When designing and building Mapping Data Flows in ADF, here is the recommended lifecycle to ensure a successful operationalized pipeline:
- Configure Github or Devops Git so that you can save your changes incrementally with source control and versioning
- If you do not set-up Git, you will be forced to publish your changes live against the ADF service without an option to save
- Always turn on the Data Flow Debug button before you begin, to allow the Databricks cluster to start-up (5-7 mins)
- While that is spinning-up in the background, begin designing your data transformation logic in the data flow designer UI
- Unit test your logic using the data preview on each transformation to ensure you are getting expected results from the sampled data
- It is important to use sampled data for your data previews and debug executions. The default cluster sizes from ADF Debug Mode is just a single 4-core worker node. Larger datasets will likely fail. You can use the Debug Settings button to set the sampling limits and to point to a temporary file that has a small number of rows to test your logic with.

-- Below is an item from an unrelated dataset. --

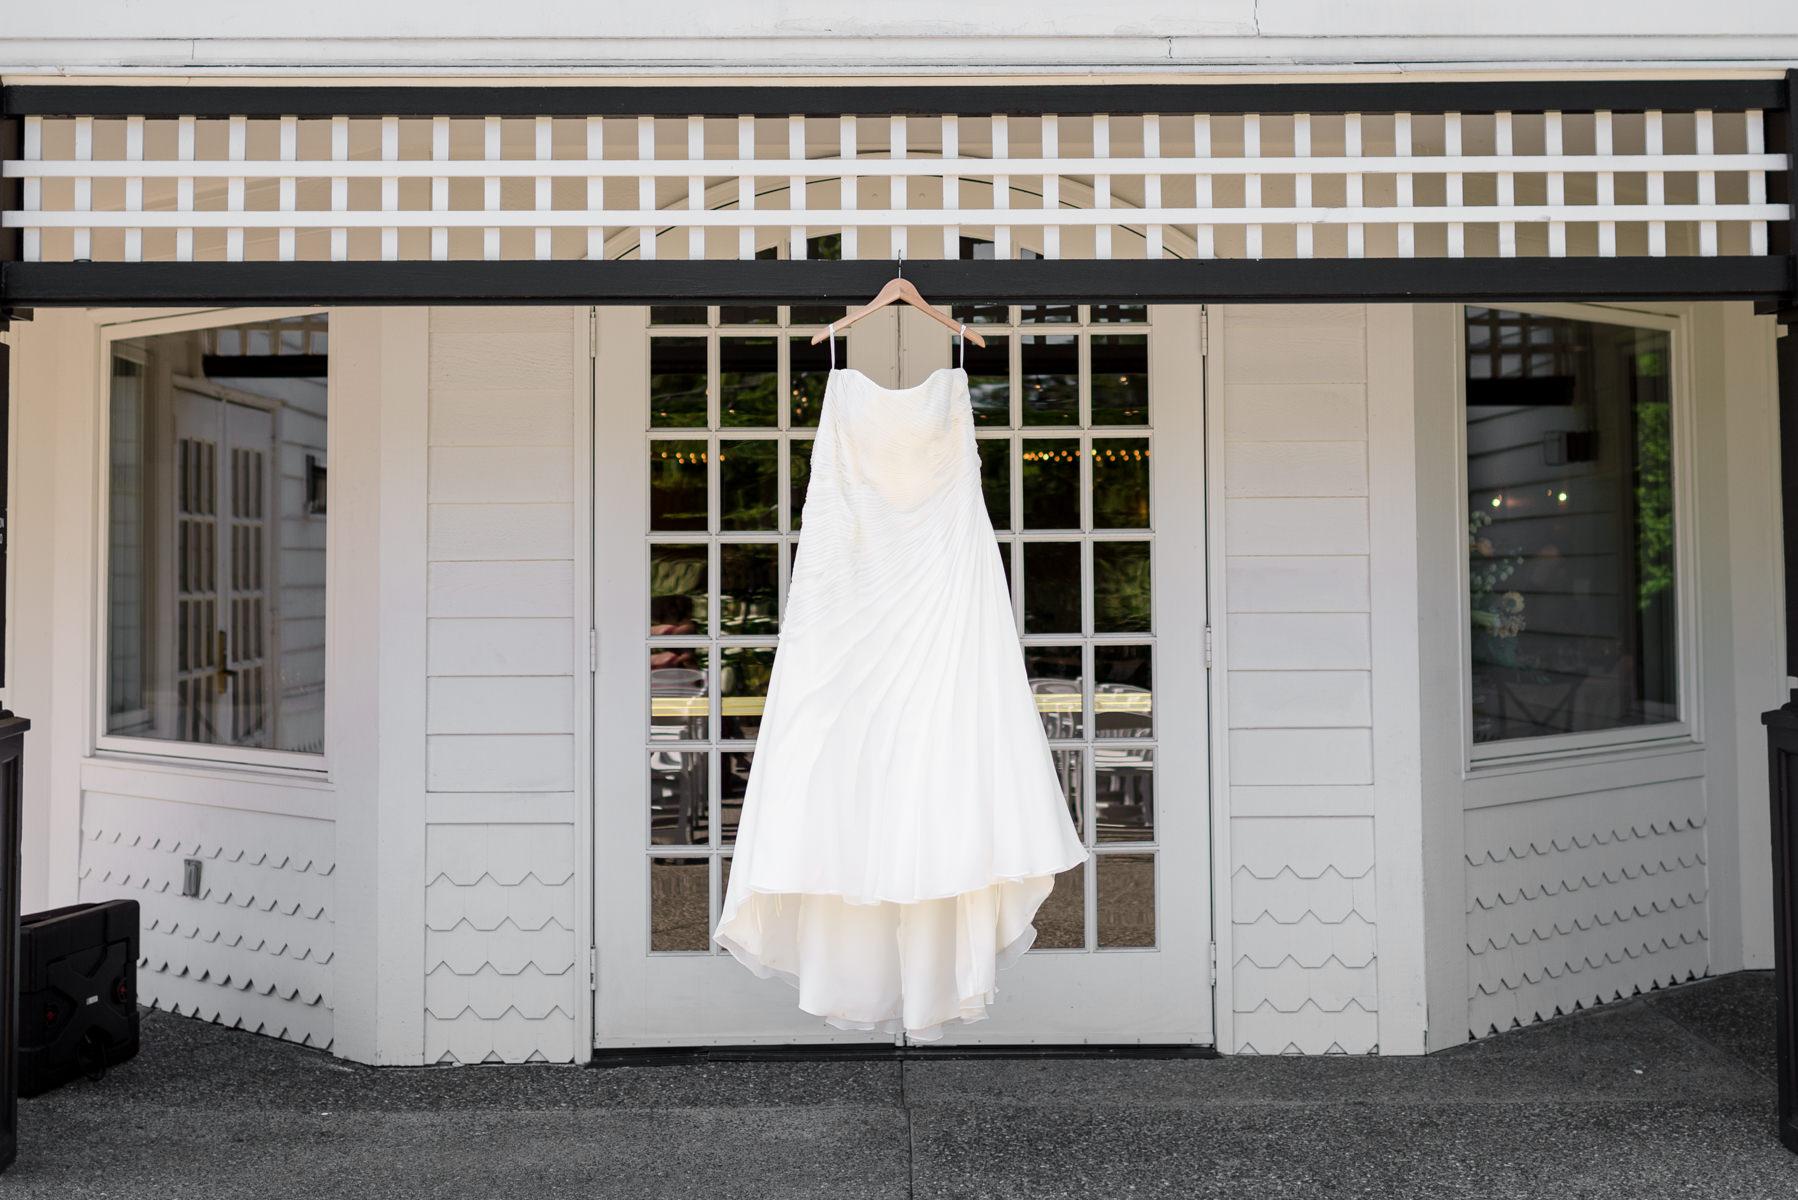 Andrew Tat - Documentary Wedding Photography - Columbia Winery - Woodinville, Washington -Patricia & Teffin - 01.jpg

- When you have completed your initial data flow design, create a new pipeline with a single Execute Data Flow activity that points your new data flow
- Since the default debug cluster is now ready, you can test the data flow end-to-end against the default debug cluster (8 v-cores, 1 worker) and get a true execution timing for your data flow logic
- Use the Debug button on the pipeline designer to get this execution time
- View the full execution plan by clicking the eyeglasses icon
- This will show you the details of the execution time
- Let’s say, for example, that your data flow took 2 mins to execute in pipeline debug, which is shown under “duration”
- You may see only a few seconds of execution time in the data flow execution details. That’s because there is orchestration and job set-up activity required that also takes time. The duration above represents the total pipeline time end-to-end.
- Now, perform an operational end-to-end test from that pipeline using “Trigger Now” from the pipeline designer UI
- This will perform a one-time triggered run and mimics real-world scheduled execution of your data flow inside an operationalized pipeline
- As you watch the execution time from the monitoring UI, assume 5-7 mins for the JIT cluster startup, then add the previous job execution you observed from your debug timing above
- When triggering your data flows from an ADF pipeline on a schedule, we spin-up and tear-down Azure Databricks clusters for you, in a very cost-effective manner. You will need to account for that time in your end-result performance profiles.